Vorderfront in neuem Design

Die „Neuen“ rauschen mit markantem Vorderteil in Hamburgs S-Bahn-Stationen heran. Statt ganz im Rot der Deutschen Bahn formen Silberstreifen ein stilisiertes „H“ an der Schnauze. Seit 25. Oktober 2017 wird der 490er nahezu unbemerkt von der Öffentlichkeit getestet, damit der Passagier-Transport künftig reibungslos läuft.

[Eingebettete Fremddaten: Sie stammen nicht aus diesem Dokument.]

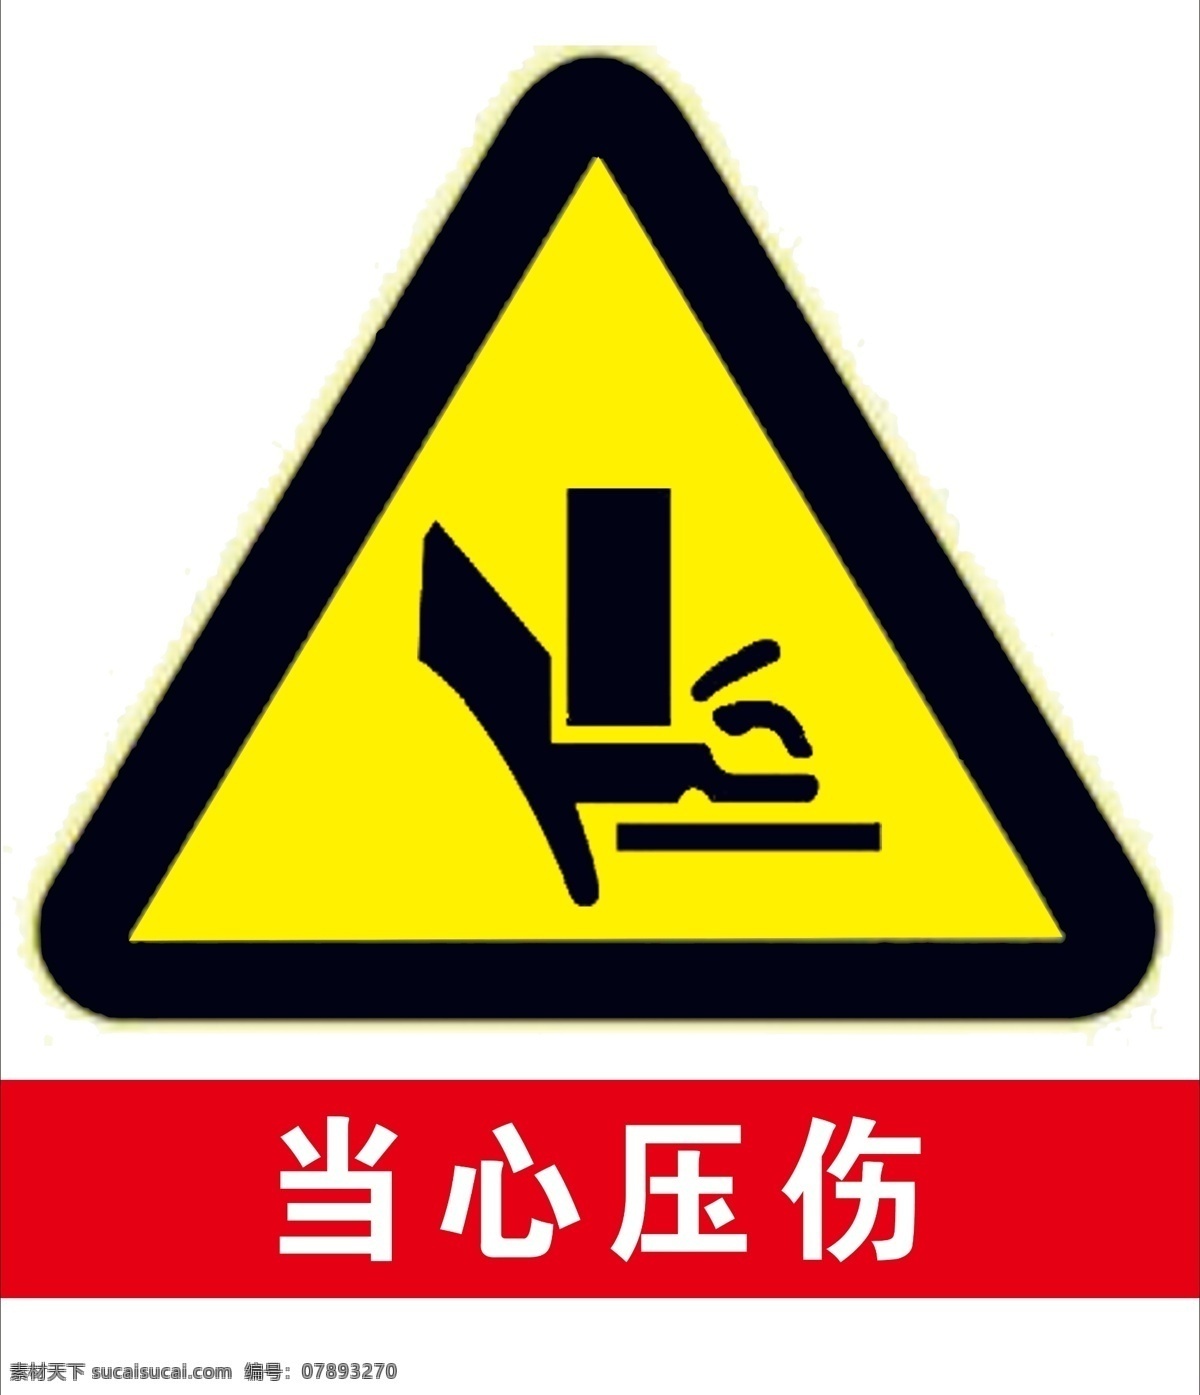 当心 压 伤 黄色 警告 标志 标示 当心压伤警告 黄色警告标志 黄色警告标示 当心机器压伤 安全标志标示 生活百科 生活用品

Kürzlich sei nachts eine Probefahrt erfolgt, berichtet Arnecke. „Wir haben geschaut, ob alle Türöffnungen zur Einstiegshöhe an der Bahnsteigkante passen.“ Das Ergebnis: „An der Haltestelle Wandsbeker Chaussee muss mit Schotter nachgestopft werden.“ Dort hätten sich die Gleise etwas abgesenkt, so dass der Einstieg für die Fahrgäste nicht komfortabel genug sei. Es geht allenfalls um Zentimeter.

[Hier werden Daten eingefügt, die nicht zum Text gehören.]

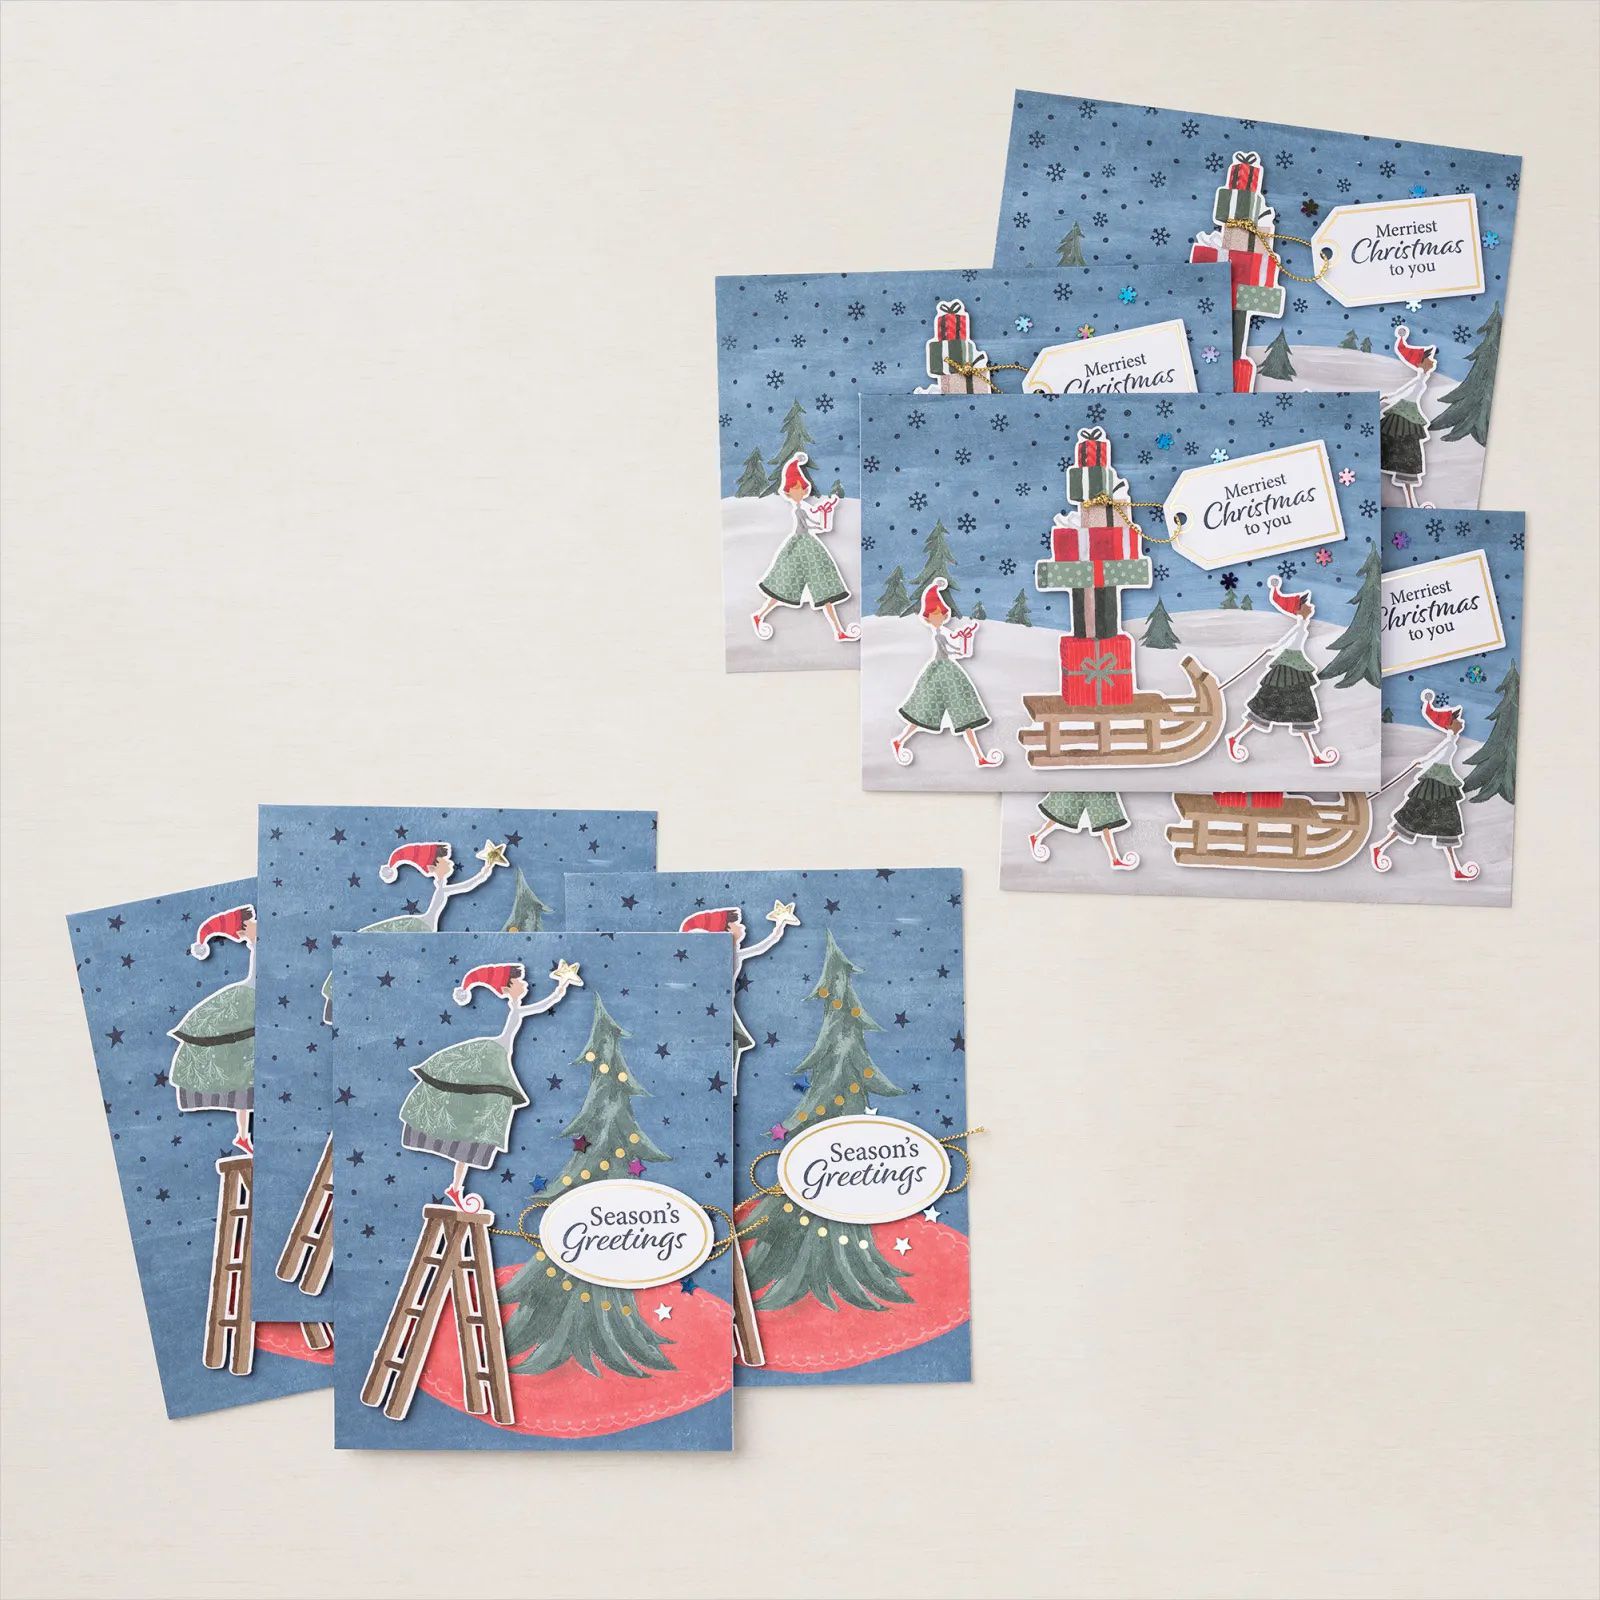 Fantaisie de Noël est un adorable kit de cartes festives au look moderne 158167 stampin up commander acheter

Durchschnittliches Tempo von 70 Kilometern pro Stunde

Um Stundenkilometer geht es vorne im „Cockpit“. Mit durchschnittlich Tempo 70 steuert Anke Thiele den Neuling von Ohlsdorf nach Poppenbüttel. Seit 30 Jahren hat sie Routine im Streckennetz. „Es ist toll“, lobt sie nach sechs Tagen Einarbeitung das neue Gefährt. Fahren und Bremsen? „Wie beim Vorgänger. Und die Bedienung, das übt sich ein.“

Schalter zum Anfassen hat Thiele neben sich und halblinks auf Kopfhöhe drei Monitore, die bei der Einfahrt nach Wellingsbüttel den Bahnsteig anzeigen. Sanft bringt sie den Zug passgenau am Halteschild zum Stehen. Rechter Hand blinkt das Computerdisplay auf, ein Rollstuhlfahrer möchte einsteigen.

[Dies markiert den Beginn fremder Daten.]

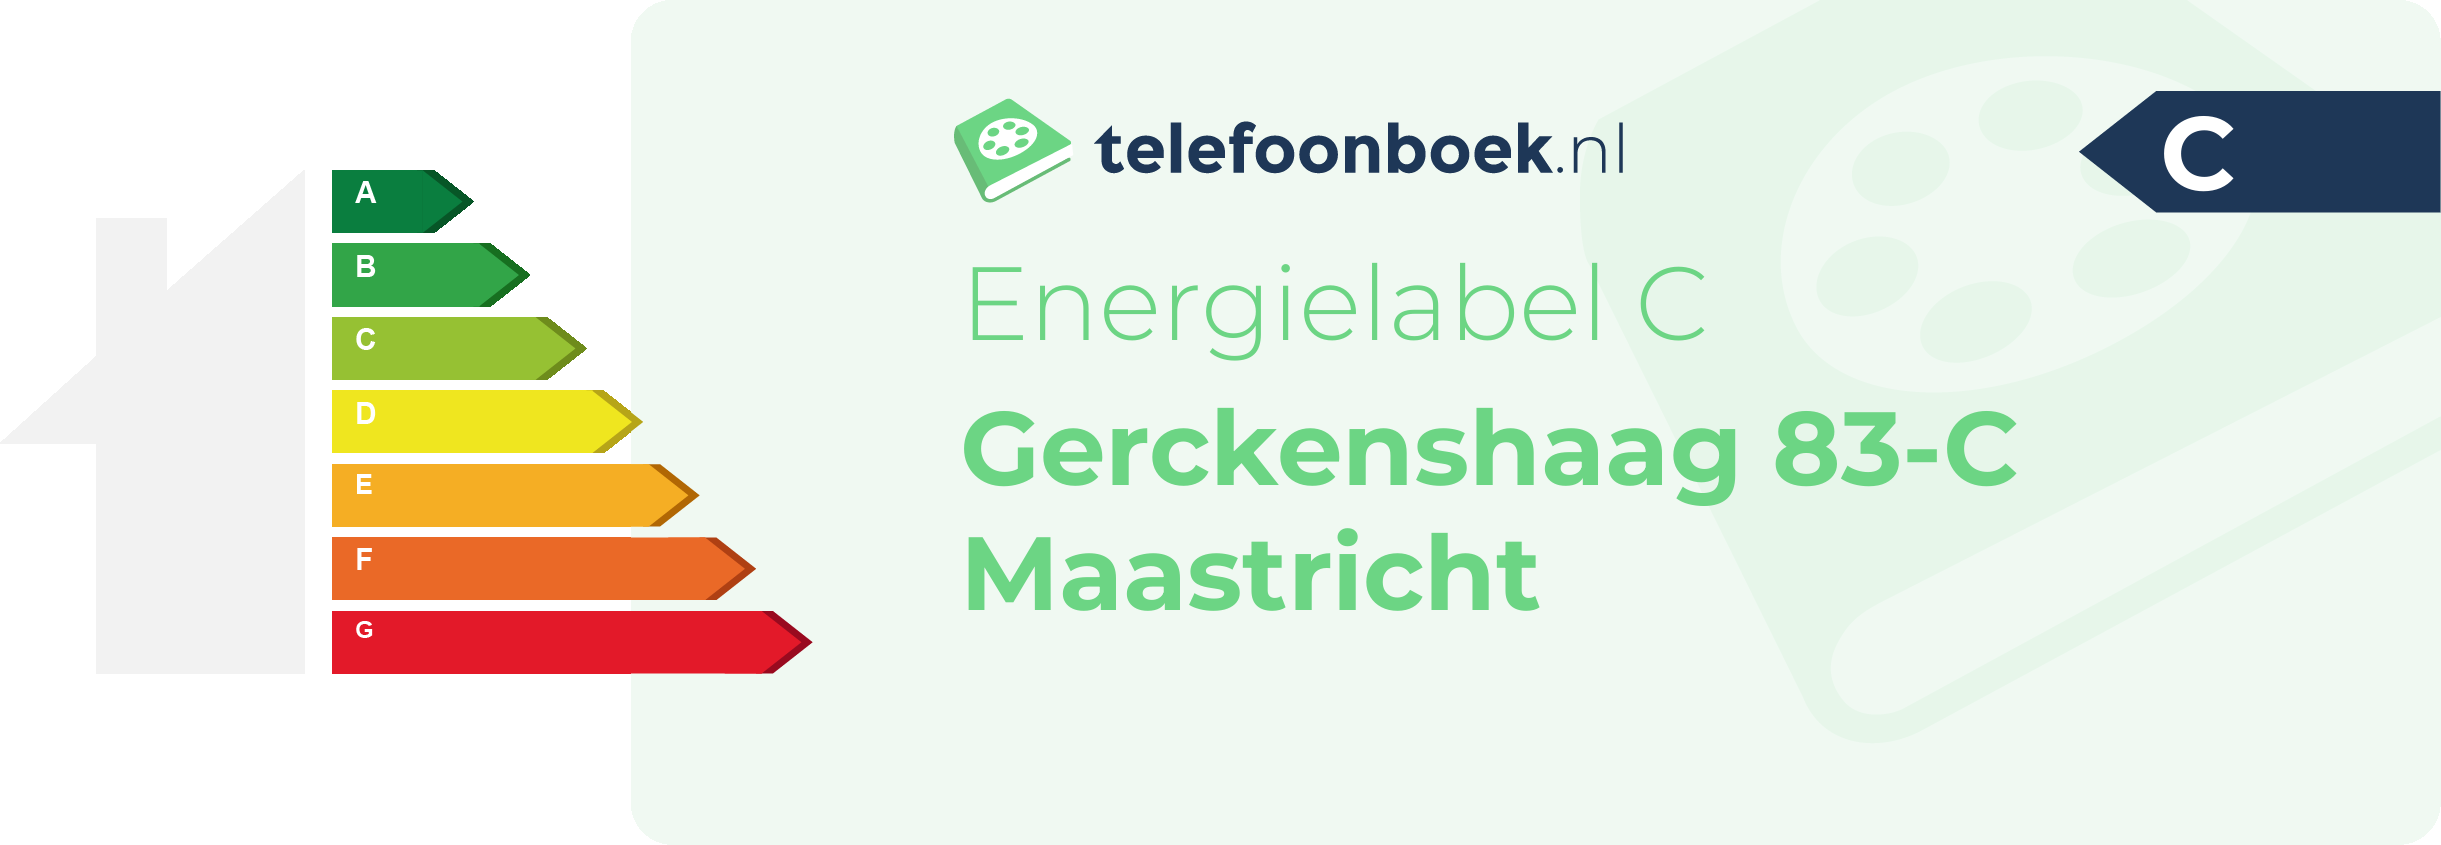 Energielabel Gerckenshaag 83-C Maastricht

„In Wagen zwei“, murmelt Thiele. Jetzt müsste sie den Fahrgast über Lautsprecher informieren, dass es die Einstieghilfe nur ganz vorn gibt. Aber Fahrgäste gehen ja noch nicht an Bord. Rollstühle oder Rollatoren, Kinderwagen und Gepäck haben direkt hinter dem Führerstand mehr Fläche zum Abstellen bekommen, markiert durch in den Boden eingelassene Logos.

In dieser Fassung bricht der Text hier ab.